Preferred input formats for our webservices:
You will need to consult the webservice specification for webservices you intend to use, but in general, we have the following preferred input formats:
- plain text (UTF-8 encoded) - (MIME: plain/text) - The most basic text format, does not offer further any further structural or mark-up semantics. Certain webservices may pose additional constraints, such as requiring one sentence or even one word per line (for e.g. a lexicon). Webservices may also attempt to automatically infer structure like paragraphs based on newlines. You should always use the UTF-8 (unicode) character encoding, other encodings are often not supported. UNIX line endings are usually preferred for most tools.
- FoLiA XML - (MIME: application/folia+xml) - This is an XML-based format for linguistic annotation, developed in the scope of the CLARIN-NL, CLARIAH-CORE and CLARIAH-PLUS projects and used as a format for language resource exchange and corpus representation. It is widely used in the dutch & flemish NLP community and a lot of our NLP tools will either accept and/or produce FoLiA XML. See https://proycon.github.io/folia for more information about this format.

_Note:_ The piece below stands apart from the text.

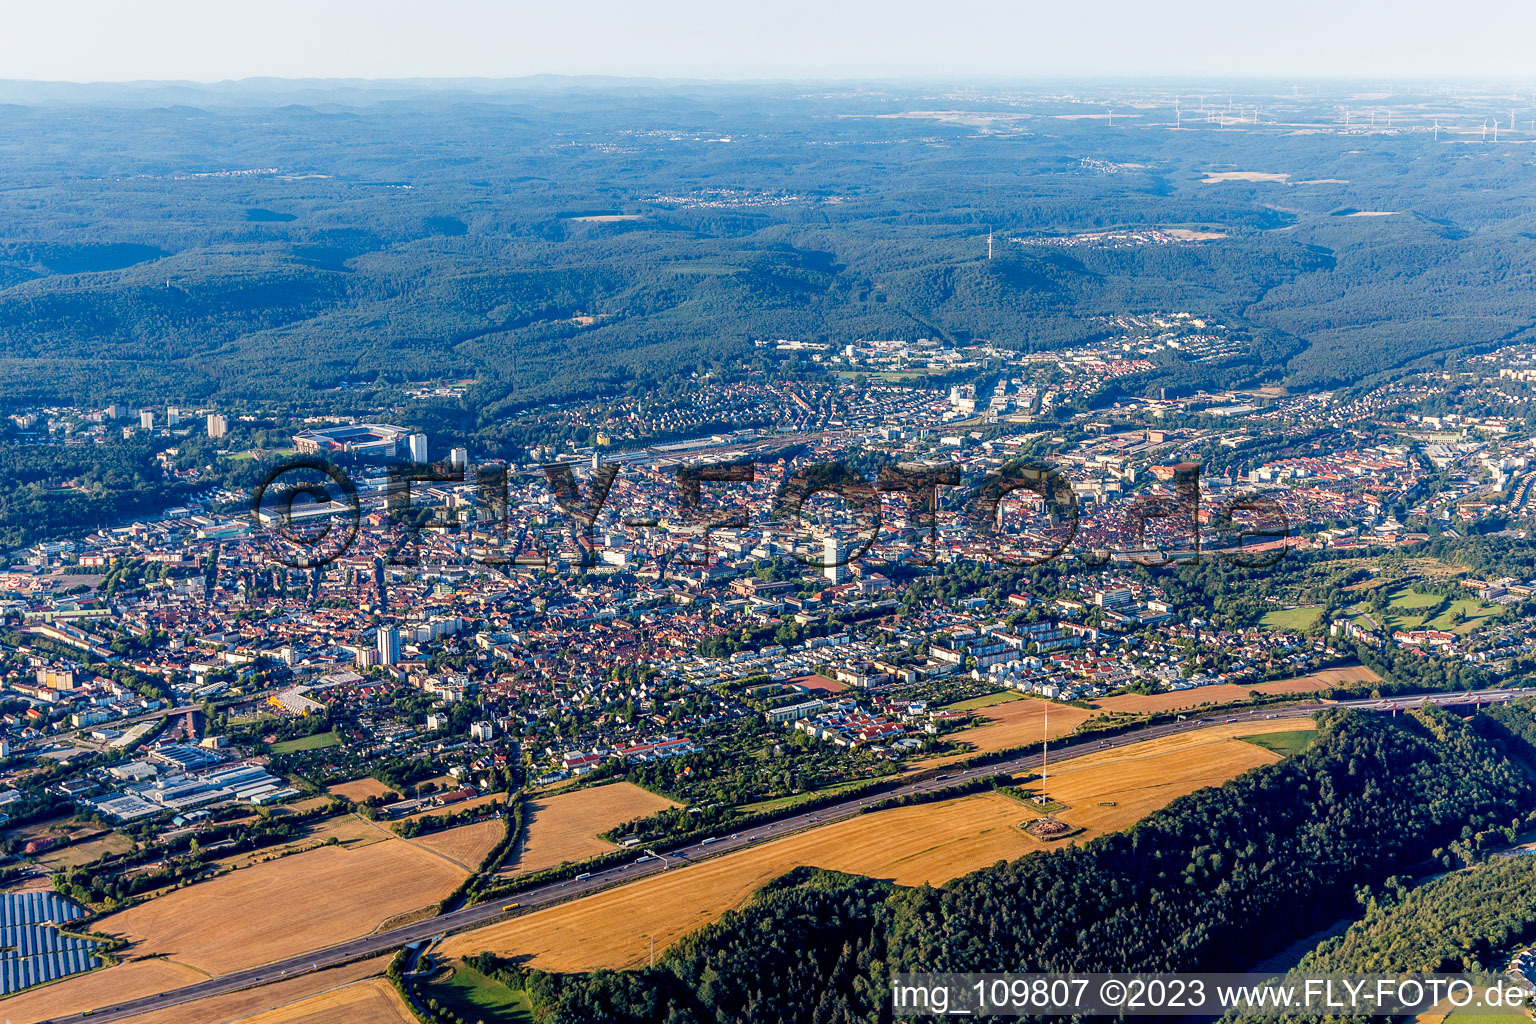 Aerial photograpy of Kaiserslautern in the state Rhineland-Palatinate, Germany

- WAV - (MIME: audio/x-wav) - Most of our audio services accept this format, usually preferably 16/24 bit, 44.1/48 kHz, uncompressed PCM, 1 or 2 channels. Our audio services will likely also accept MP3 and OGG, but these come with quality loss due to compression.
Non-preferred input formats for our webservices:
- Microsoft Word/Excel/etc.. - For both NLP as well as data storage purposes, proprietary word-processing formats such as Microsoft Word (doc/docx) are always discouraged. Alternatives such as Open Document Text (ODT) are preferred. Nevertheless, we offer a webservice (Piereling) which can attempt to convert such documents.
- PDF - The use of PDF is ubiquitous but often very problematic as an *input* format for NLP purposes as it is hard to extract the textual information; other formats are preferred. It may be a valid source of input for OCR such as provided by our webservice PICCL. It is also a valid output format for presentational purposes.
- HTML - Like PDF, HTML is suitable for output, but hardly ever makes a good input format.